02 - Selection Sort

Problem¶

Sort an array by repeatedly finding the minimum element (considering ascending order) from the unsorted part and putting it at the beginning.

Intuition¶

Selection Sort maintains two subarrays in a given array: 1. The subarray which is already sorted. 2. Remaining subarray which is unsorted.

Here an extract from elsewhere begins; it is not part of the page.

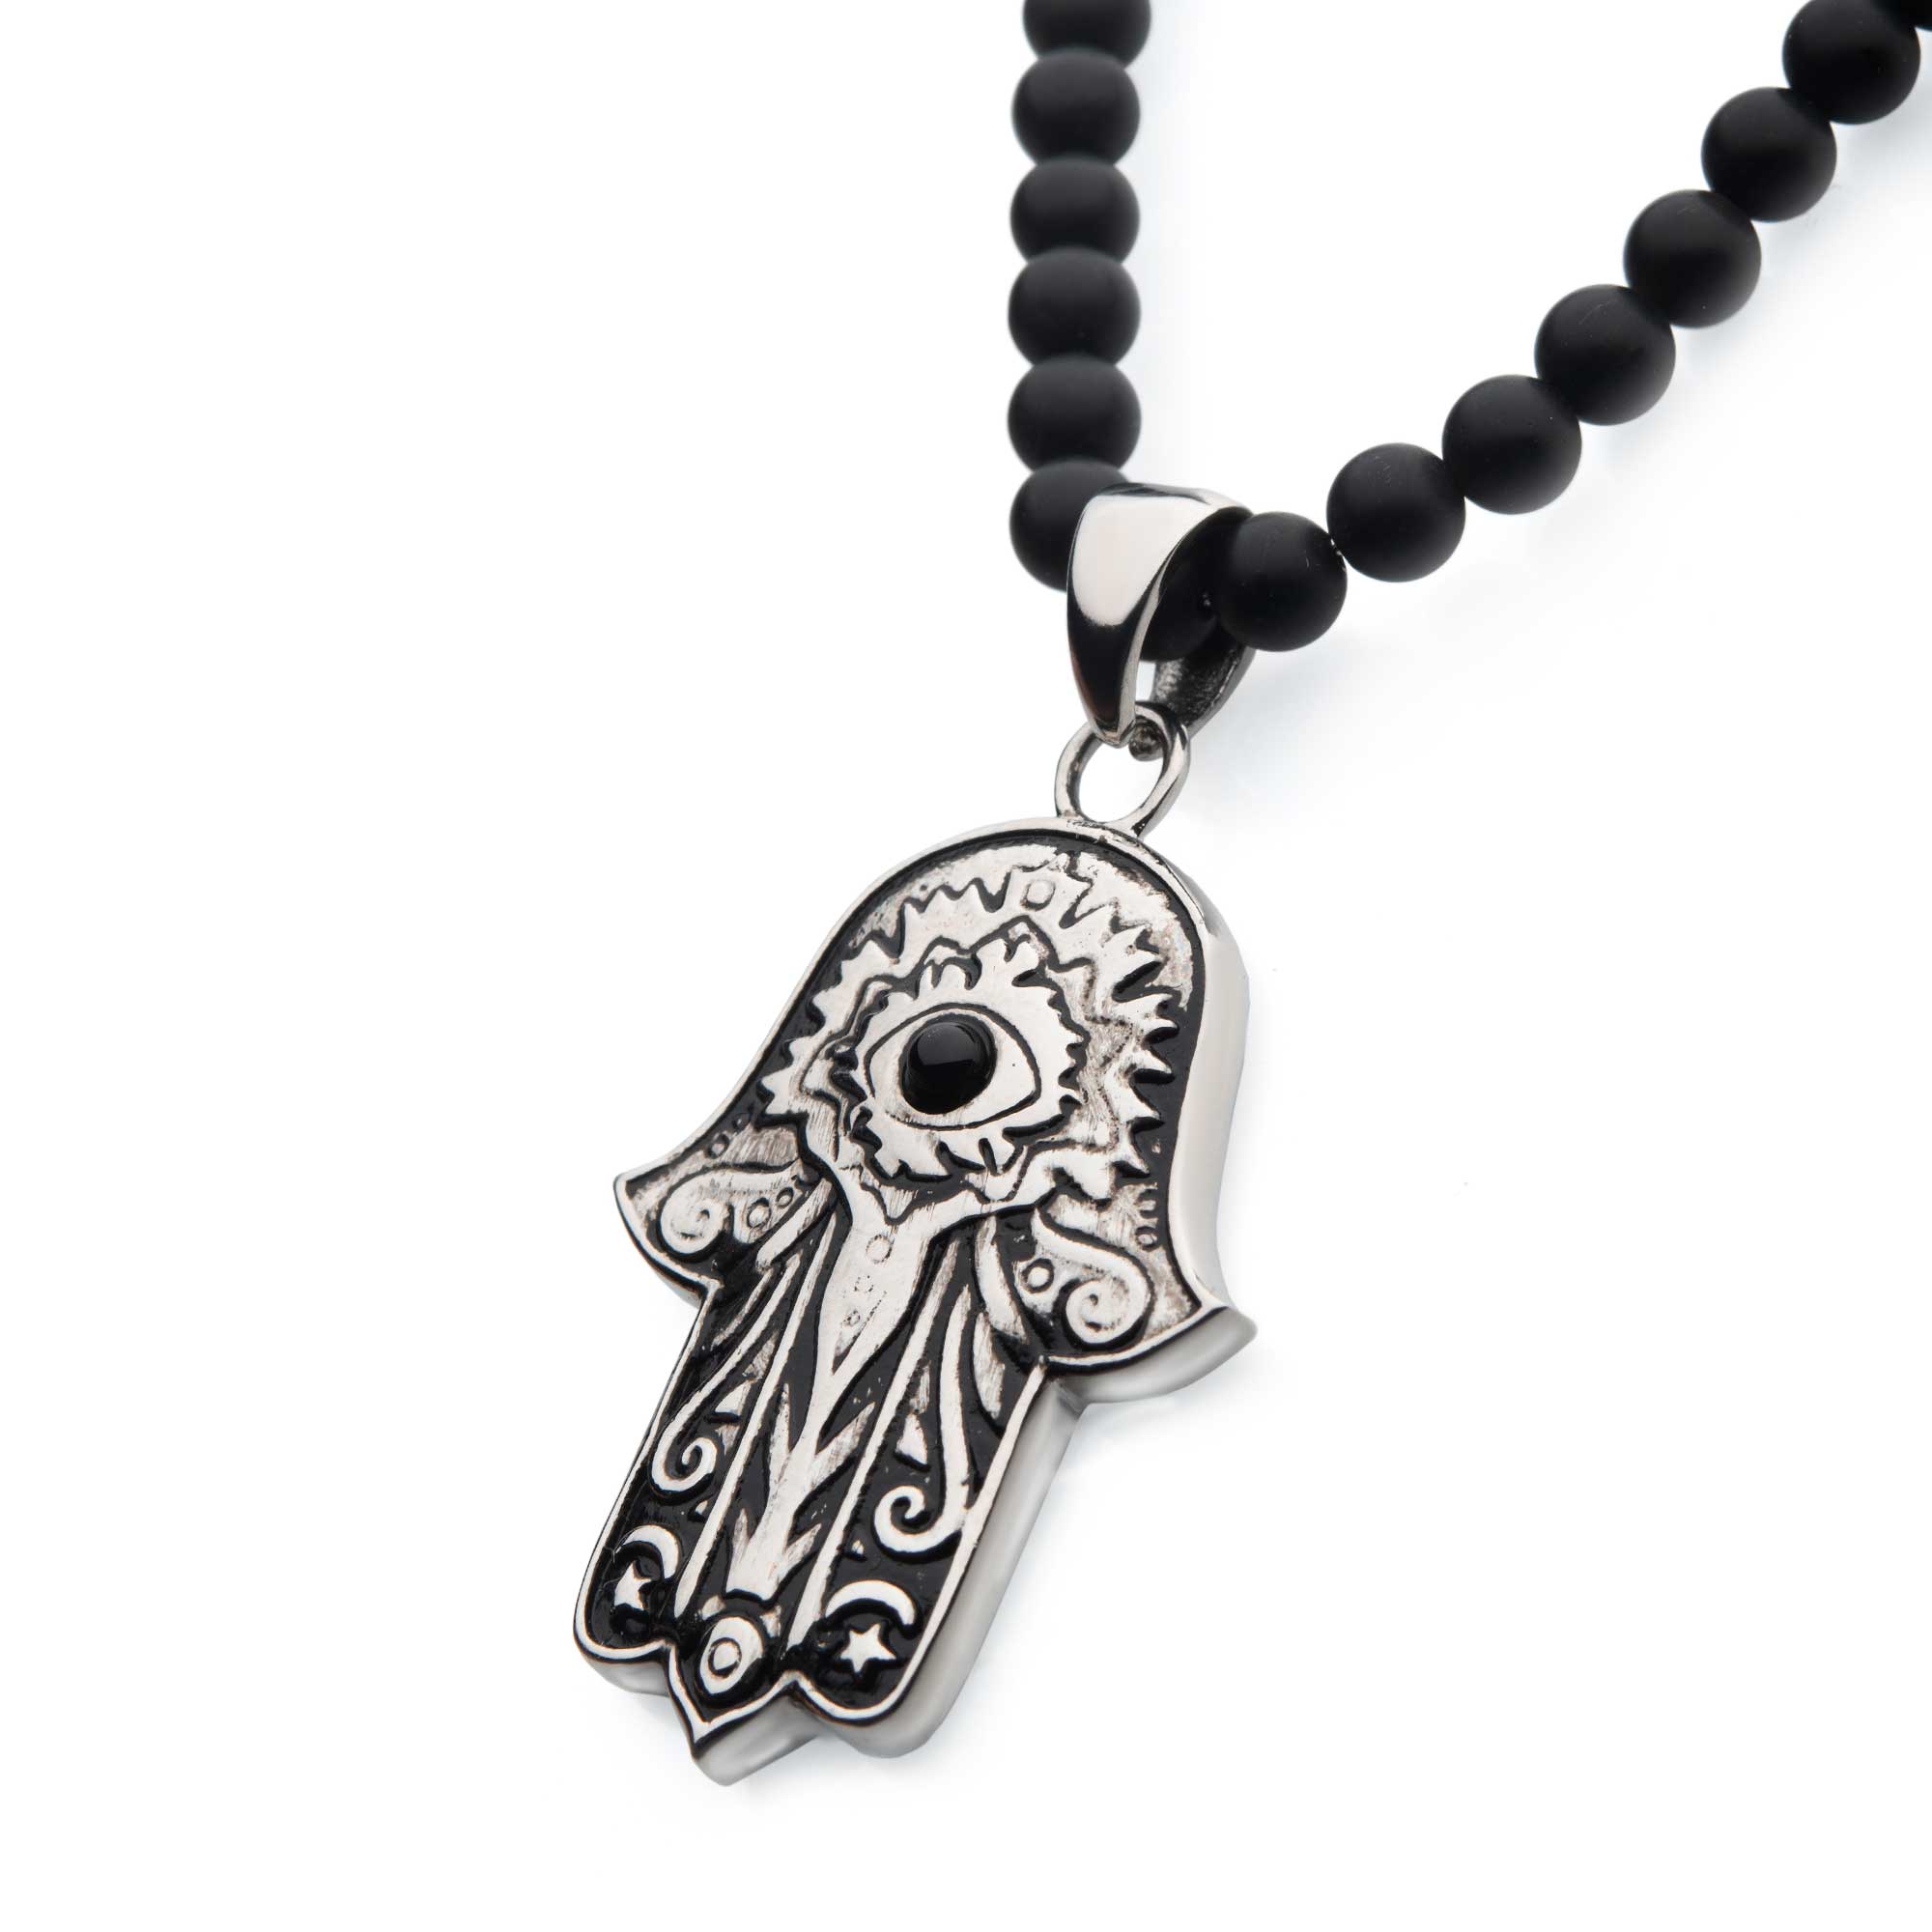 Stainless Steel with Centerpiece Black Agate Stone Hamsa Pendant, with Black Agate Stone Bead Necklace Image 2 Morin Jewelers Southbridge, MA

In every iteration of selection sort, the minimum element from the unsorted subarray is picked and moved to the sorted subarray.

Algorithm Steps¶

Set MIN_IDX to location 0.
Search the minimum element in the list.
Swap with value at location MIN_IDX.
Increment MIN_IDX to point to next element.
Repeat until the list is sorted.

Pseudocode¶

procedure selectionSort(A : list of sortable items)
    n := length(A)
    for i := 0 to n-2 inclusive do
        min_idx := i
        for j := i+1 to n-1 inclusive do
            if A[j] < A[min_idx] then
                min_idx := j
            end if
        end for
        if min_idx != i then
            swap(A[i], A[min_idx])
        end if
    end for
end procedure

Java Code using JCF¶

Using ArrayList and Collections.swap with a test-case-driven approach (TCS NQT Style).

import java.util.*;

public class Main {
    /**
     * Selection Sort using List and Collections.swap
     */
    public static void selectionSort(List<Integer> list) {
        int n = list.size();
        for (int i = 0; i < n - 1; i++) {
            // Find the minimum element in unsorted array
            int min_idx = i;
            for (int j = i + 1; j < n; j++) {
                if (list.get(j) < list.get(min_idx)) {
                    min_idx = j;
                }
            }
            // Swap the found minimum element with the first element
            if (min_idx != i) {
                Collections.swap(list, min_idx, i);
            }
        }
    }

    public static void main(String[] args) {
        Scanner sc = new Scanner(System.in);

        if (sc.hasNextInt()) {
            int t = sc.nextInt();
            while (t-- > 0) {
                if (sc.hasNextInt()) {
                    int n = sc.nextInt();
                    List<Integer> list = new ArrayList<>();
                    for (int i = 0; i < n; i++) {
                        if (sc.hasNextInt()) {
                            list.add(sc.nextInt());
                        }
                    }

                    selectionSort(list);

                    for (int i = 0; i < list.size(); i++) {
                        System.out.print(list.get(i) + (i == list.size() - 1 ? "" : " "));
                    }
                    System.out.println();
                }
            }
        }
        sc.close();
    }
}

Sample Input and Output¶

Input:

2
5
64 25 12 22 11
6
5 4 3 2 1 10

Output:

11 12 22 25 64
1 2 3 4 5 10

Complexity¶

Case	Time Complexity	Space Complexity
Best Case	\(O(n^2)\)	\(O(1)\)
Average Case	\(O(n^2)\)	\(O(1)\)
Worst Case	\(O(n^2)\)	\(O(1)\)

Stable: Generally No (swapping can change the relative order of equal elements).
In-place: Yes.

Example and Dry Run¶

Input: [64, 25, 12, 22, 11]

Iteration 1: - Unsorted: [64, 25, 12, 22, 11] - Min found: 11 (index 4) - Swap 64 and 11 - Result: [11, 25, 12, 22, 64]

Iteration 2: - Unsorted (from index 1): [25, 12, 22, 64] - Min found: 12 (index 2) - Swap 25 and 12 - Result: [11, 12, 25, 22, 64]

Iteration 3: - Unsorted (from index 2): [25, 22, 64] - Min found: 22 (index 3) - Swap 25 and 22 - Result: [11, 12, 22, 25, 64]

Iteration 4: - Unsorted (from index 3): [25, 64] - Min found: 25 (index 3) - No swap needed. - Result: [11, 12, 22, 25, 64] Array is Sorted.

Variations¶

Stable Selection Sort: Instead of swapping, minimum element is inserted into position by shifting elements.
Double Selection Sort (Bidirectional): Find both minimum and maximum in each pass and move them to their respective ends.